#### [YOUR INSTRUCTIONS]
Copy out each line of the material exactly. Pictures do not belong in the copy.

#### [INFORMATION SHOWN]
########################################
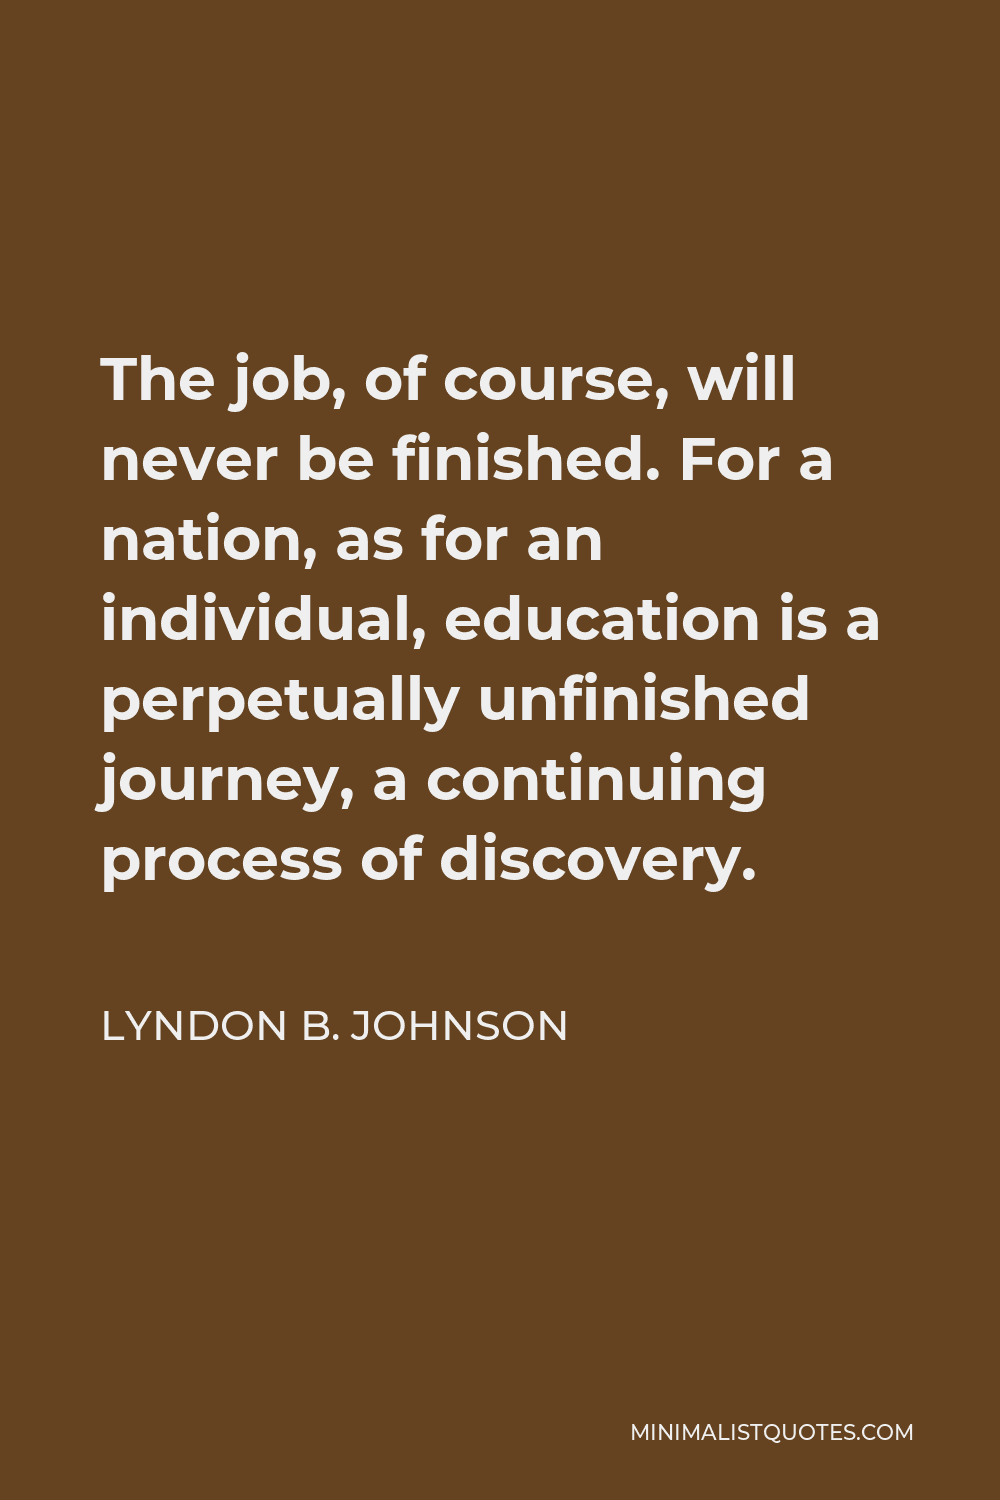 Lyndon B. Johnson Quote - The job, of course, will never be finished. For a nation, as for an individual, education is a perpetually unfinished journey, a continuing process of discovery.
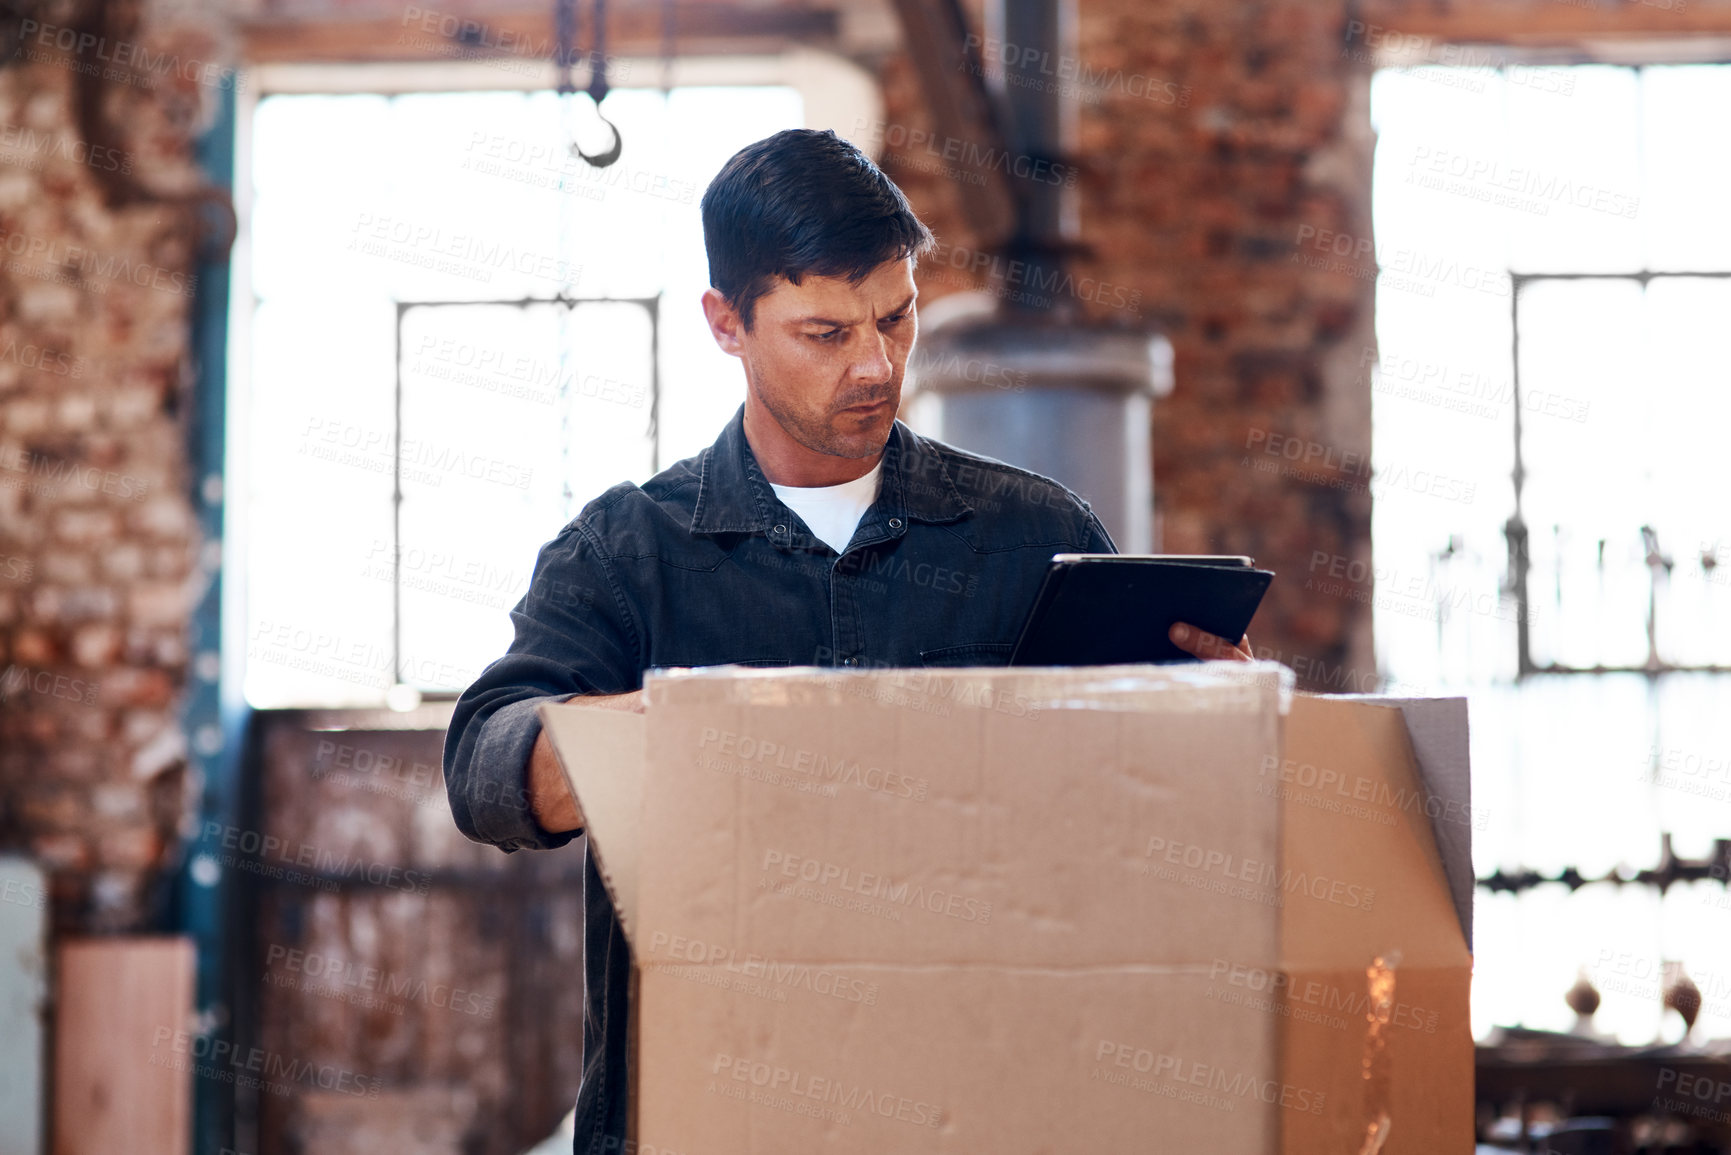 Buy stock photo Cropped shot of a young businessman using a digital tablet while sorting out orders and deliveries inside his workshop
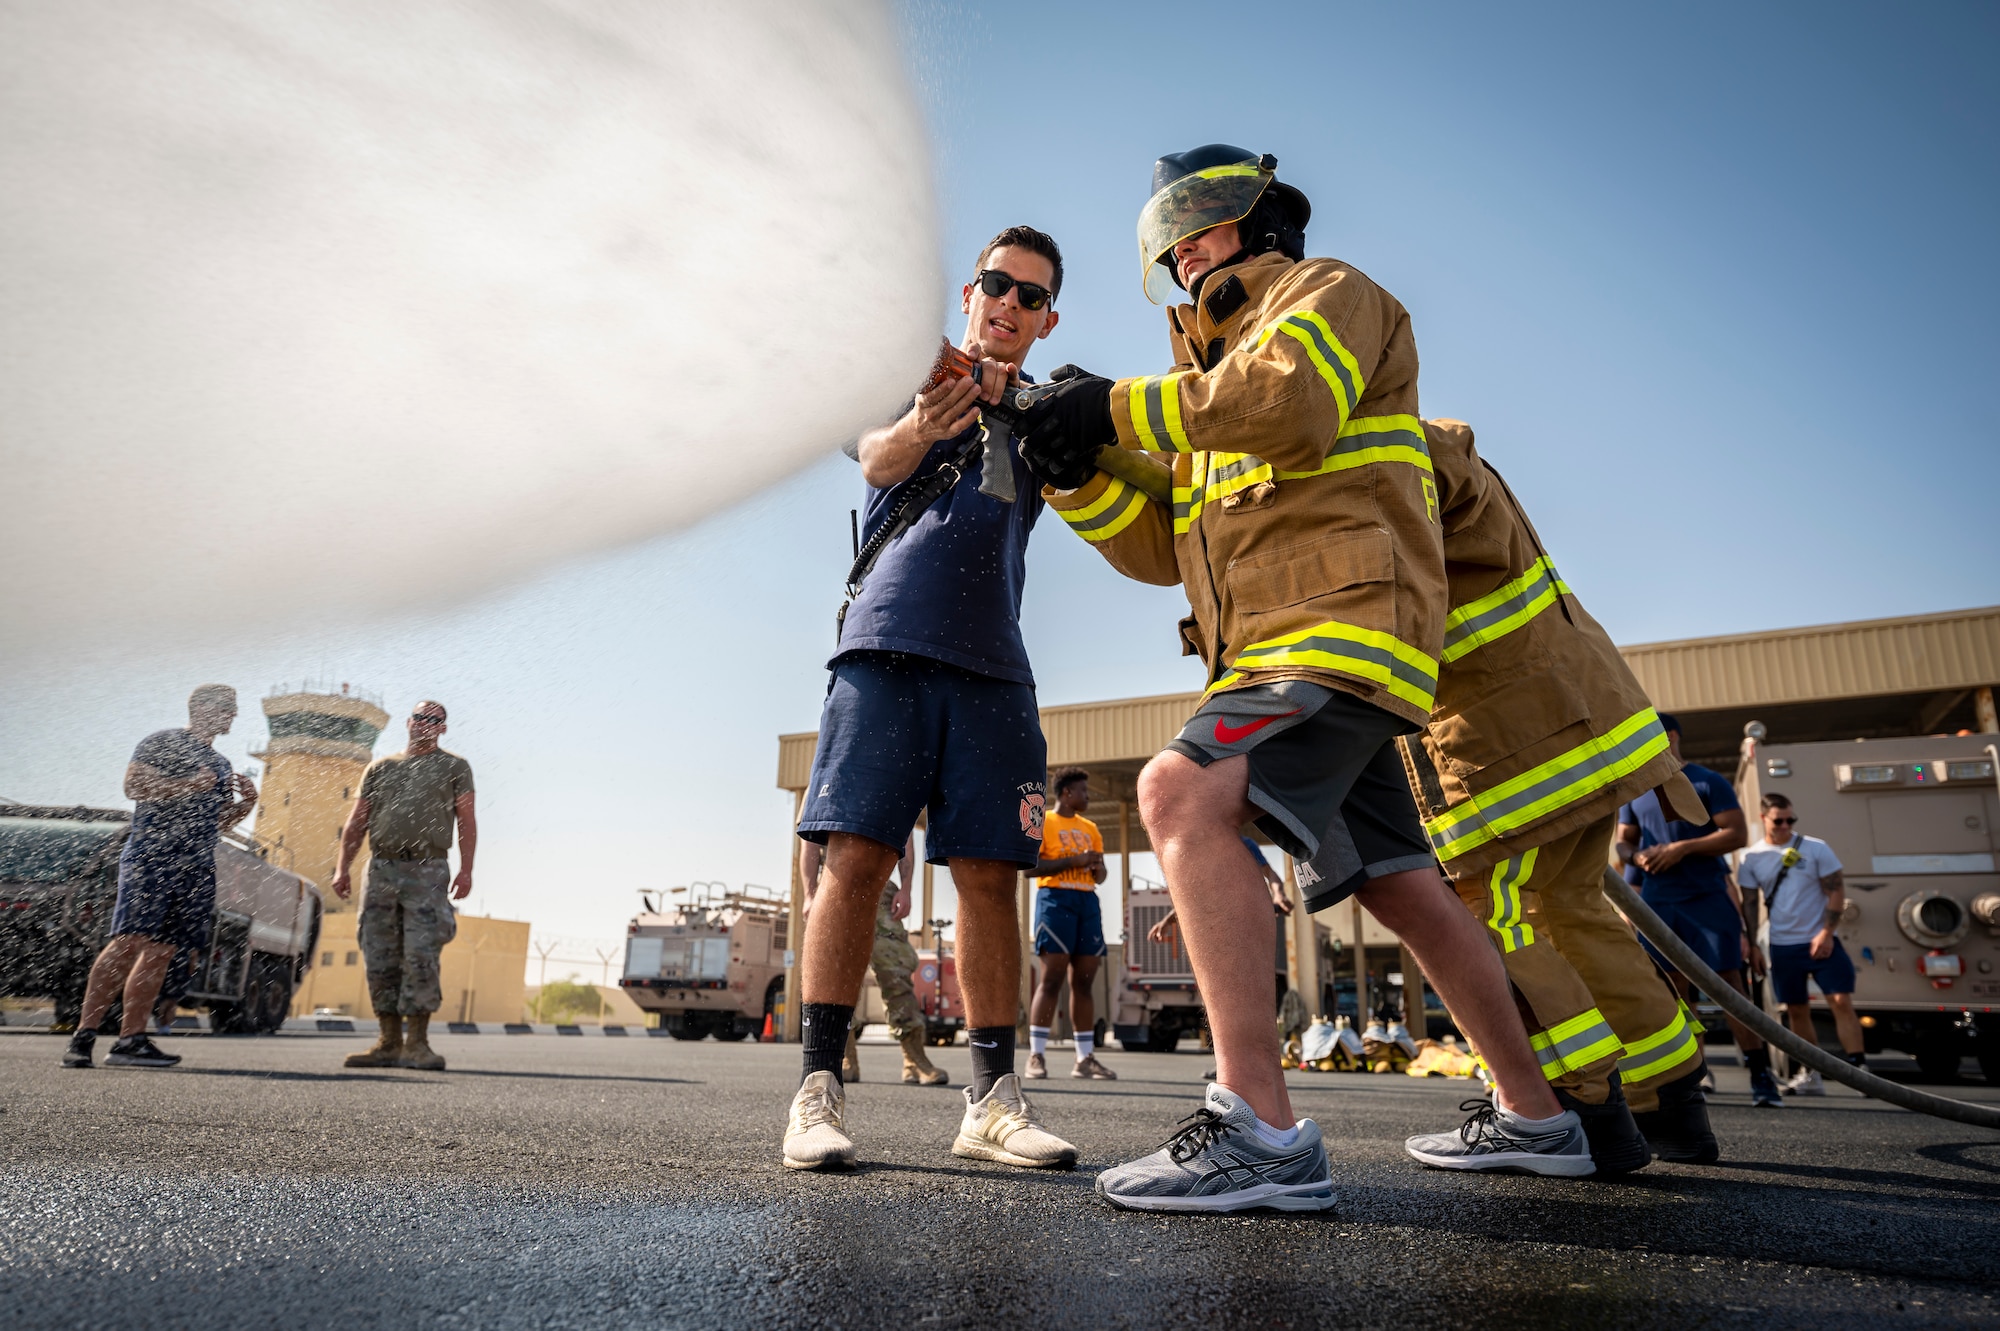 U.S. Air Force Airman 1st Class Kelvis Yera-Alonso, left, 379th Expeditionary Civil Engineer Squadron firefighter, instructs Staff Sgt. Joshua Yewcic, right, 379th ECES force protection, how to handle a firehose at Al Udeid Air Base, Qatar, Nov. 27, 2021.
########################################
#### [RESULT]
 Lyndon B. Johnson Quote - The job, of course, will never be finished. For a nation, as for an individual, education is a perpetually unfinished journey, a continuing process of discovery.
 Buy stock photo Cropped shot of a young businessman using a digital tablet while sorting out orders and deliveries inside his workshop
 U.S. Air Force Airman 1st Class Kelvis Yera-Alonso, left, 379th Expeditionary Civil Engineer Squadron firefighter, instructs Staff Sgt. Joshua Yewcic, right, 379th ECES force protection, how to handle a firehose at Al Udeid Air Base, Qatar, Nov. 27, 2021.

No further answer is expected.